The others began talking villas.... One at Dar-dennes.... Too inland. No view of the Mediterranean. The Villa Pavia... Mon Répos at La Vallette.... Not the one at Bon Rencontre of course.
She said:
‘My aunt has the Villa Nike at disposal....’
Niki meant Victory! He wanted the Villa Niké! He kept his eyes closed. To rest his voice.... He must have more money. She was a New Yorker. At that time he thought she must have contracted a New York demi-mondaine’s habits of expenditure.... She would make do with less. He had had a Scotch porridge mug as a child. It was yellow. But with brown, as if burnt in lettering it said, ‘Contented wi’ little but canny wi’ mair!’... He must get her a good time. Damn it, she deserved it. Father and mother had brought the mug home from a honeymoon voyage. They had been in Luxemburg and the Rhineland and had returned over Scotland.... She deserved... she deserved Le Secret....
It was odd. How often hadn’t he seen Le Secret off St. Mandrier. With her high spars and tall black hull?... Her screw was so powerful that when you saw her from a height beating into the port extérieur against a strong mistral - with only the mizen set - you saw behind her a great trail of blue-green whitish water. A hundred and fifty yards long.

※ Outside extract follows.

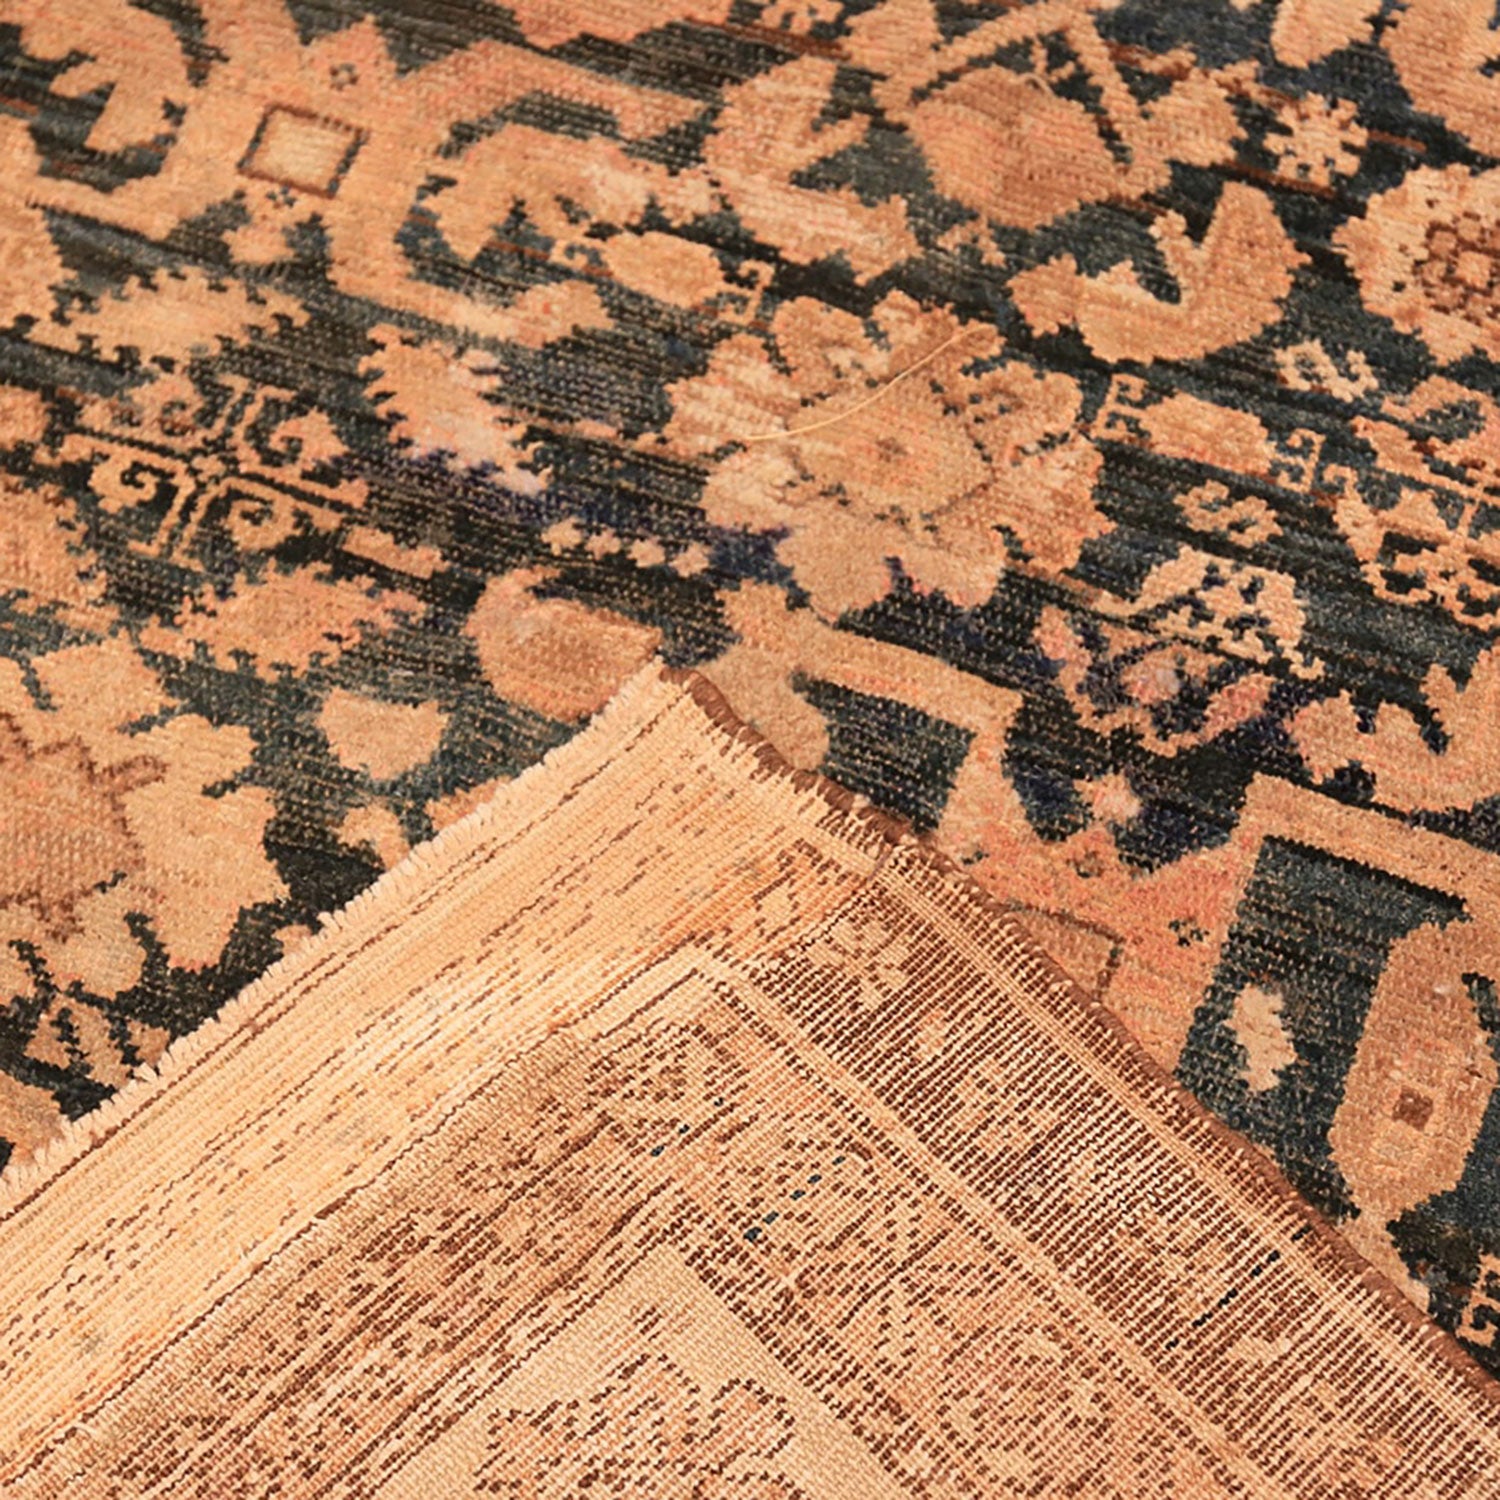 Intricate, traditional rug with floral motifs exhibits signs of age.
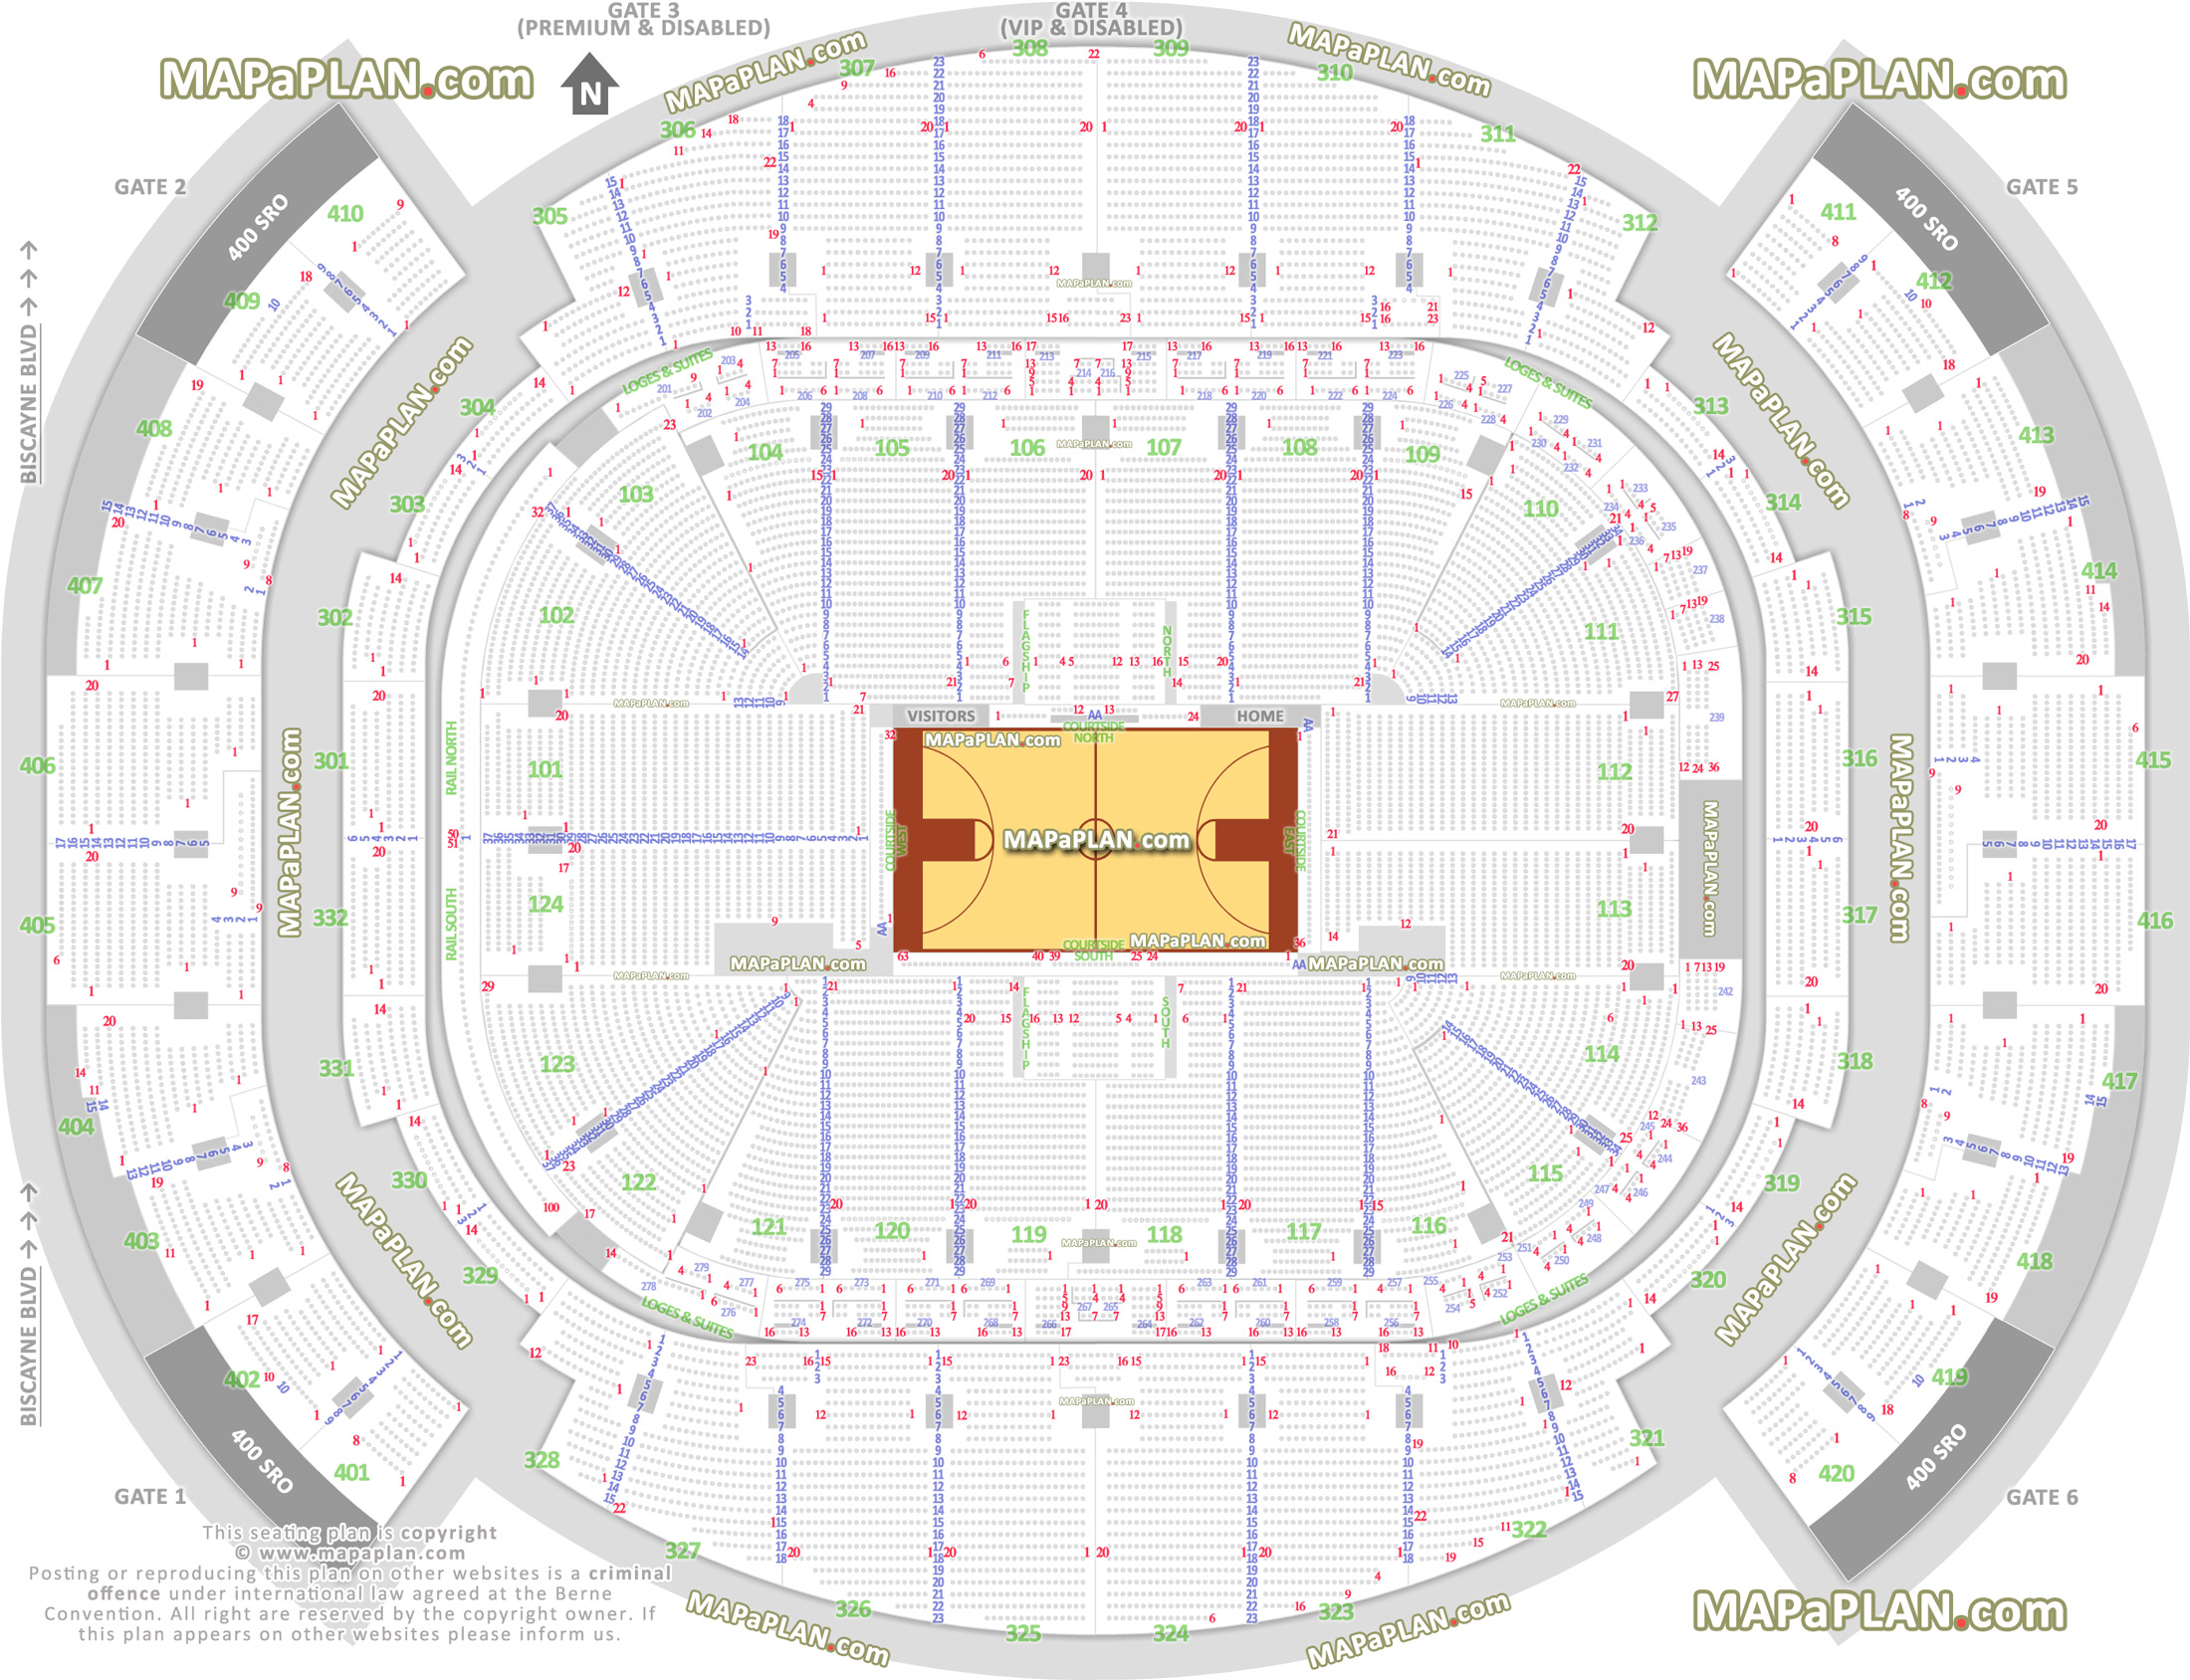 miami heat stadium nba basketball game court exact a3 center venue gate map individual find seat locator courtside home side area bench sideline baseline Miami Kaseya Center Arena seating chart

But it had never occurred to him that one day he might come to think of that marvel as a wedding present for a New Yorker!
M. Lamoricière said:
‘It is too ramshackle. It is almost a ruin....’
Henry Martin found that the thought of the twenty silver-white notes was burning into his being. From behind his right shoulder! He must have left the painted grip open last night.
Eudoxie said:
‘We will make the old she-devil diminish the rent by half. With the other half we can arrange it tastefully. Besides, that will much lessen the taxes....’
Henry Martin found he was trembling. He clenched his teeth. They had been knocking together and had hurt his jaw. It was perhaps in that way that thieves felt at the thought of easy hauls of great booty. He had once been on a jury in Springfield. A burglar who was being tried for burgling Mrs. Von Augsburg’s had explained. He had successfully made off with half the diamonds of Mrs. Carl Busch next door and had been having a good time at Miami. But in coming away from Mrs. Carl Busch’s he had noticed that Mrs. Von Augsburg’s would be extraordinarily easy to break into. The thought had so distracted him that he had lost all taste for Miami and eventually he had come back. So the cops had got him.
M. Lamoricière said:
‘If you have sufficient influence with Madame your Aunt the Villa Niké would be admirable.’